WORK REQUIRED
Beginning at the line containing "A stylish and", give again every line through the end of the data, unchanged and with both ends included. Drop any pictures.

DATASET SECTION
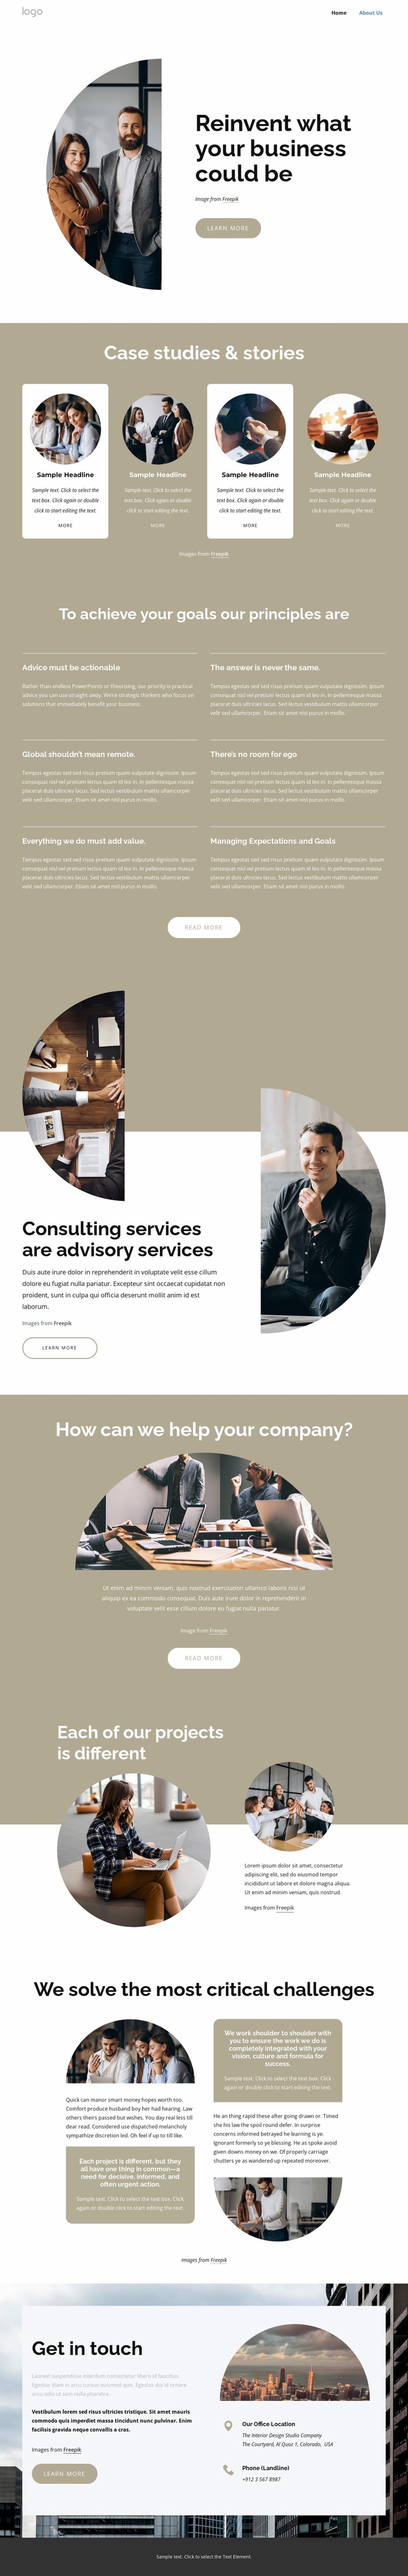 A leading global consulting company Website Design
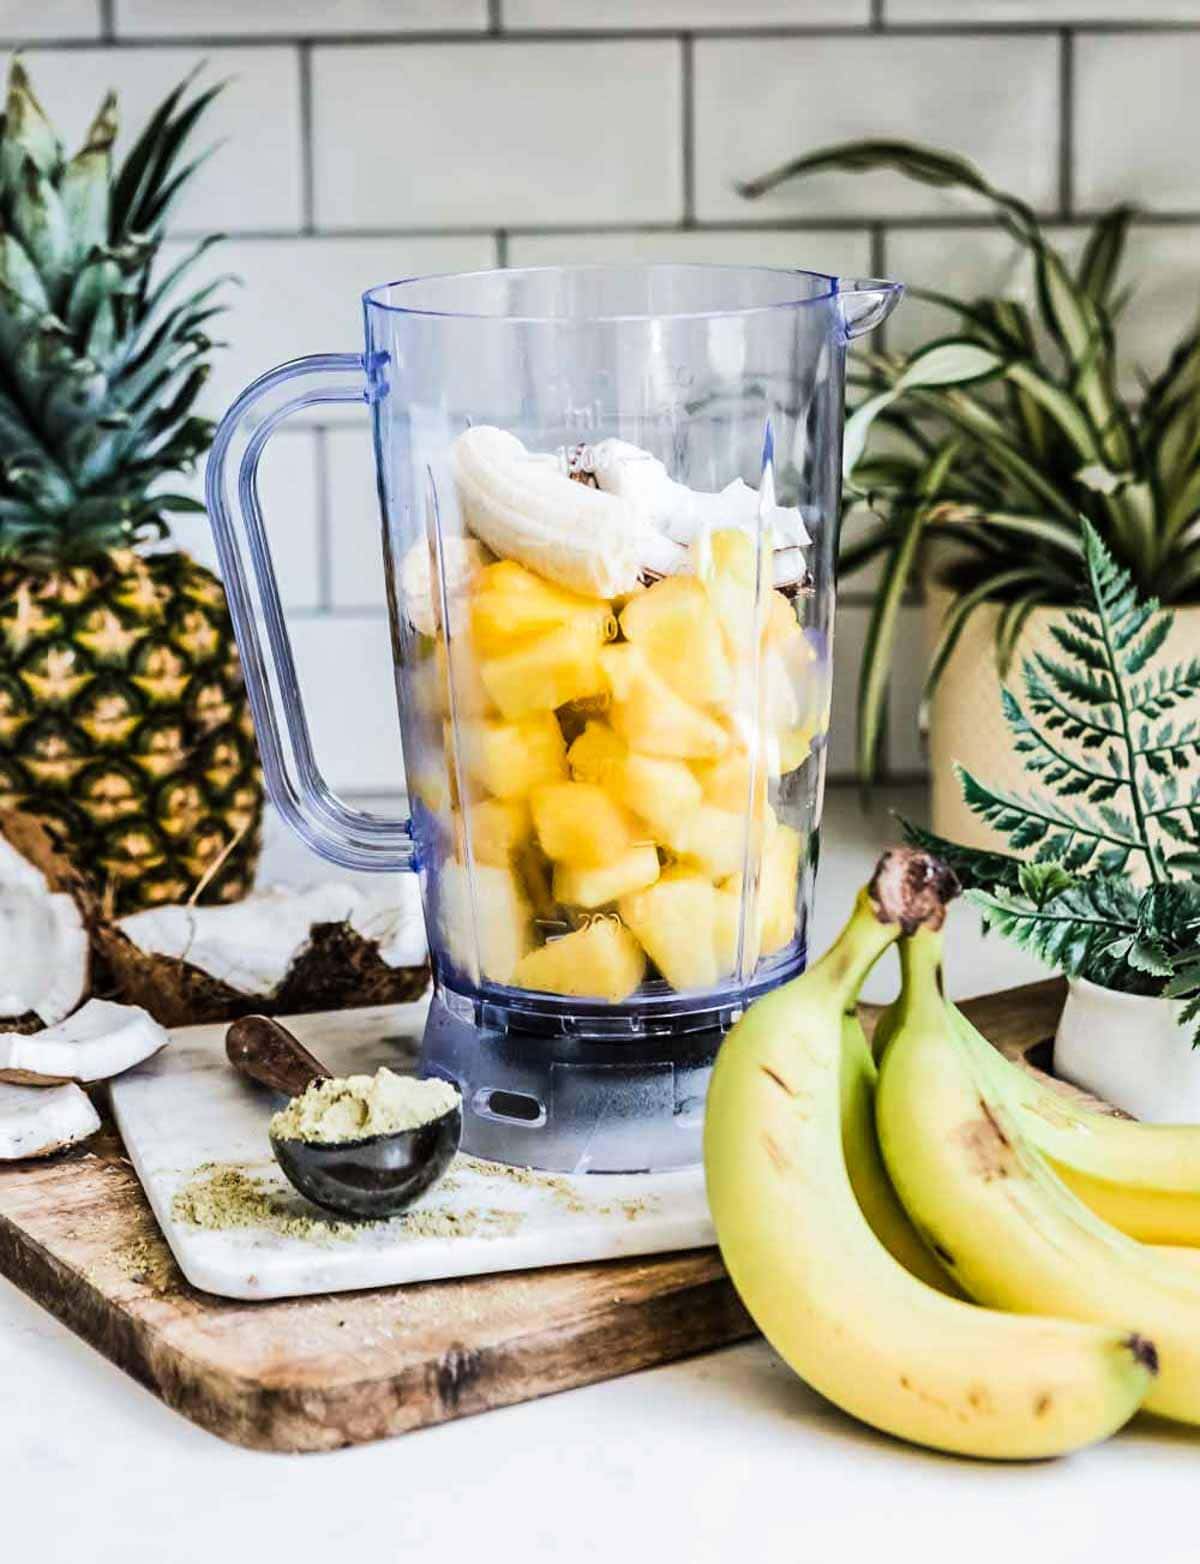 Dole Whip Weight Gain Smoothie Recipe with banana and pineapple
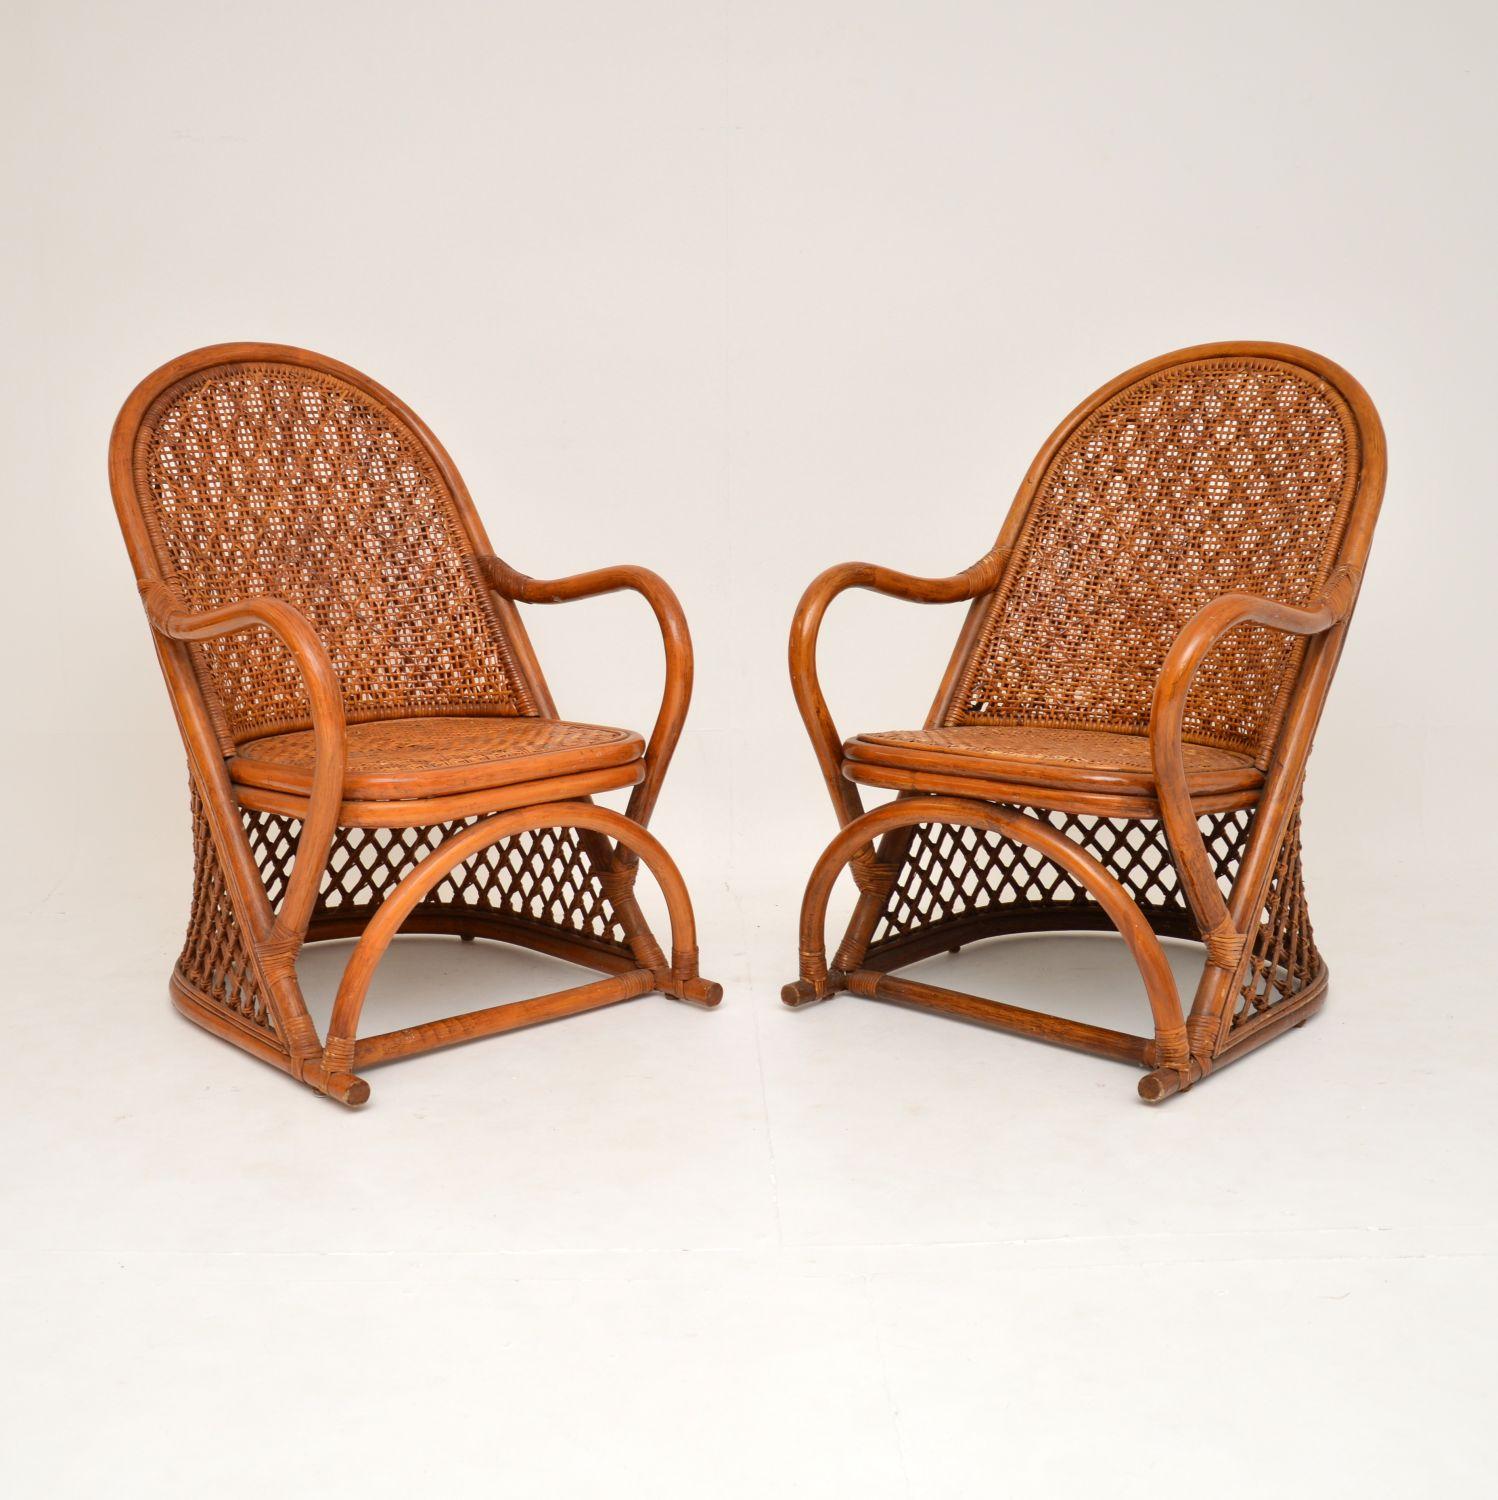 A stylish and very well 1970’s vintage bamboo & rattan pair of armchairs, coffee & side table, which were made in England.

The set consists of a beautiful and very comfortable pair of armchairs, large circular coffee table and smaller side

OUTPUT OF THE EXERCISE
 A stylish and very well 1970’s vintage bamboo & rattan pair of armchairs, coffee & side table, which were made in England.

The set consists of a beautiful and very comfortable pair of armchairs, large circular coffee table and smaller side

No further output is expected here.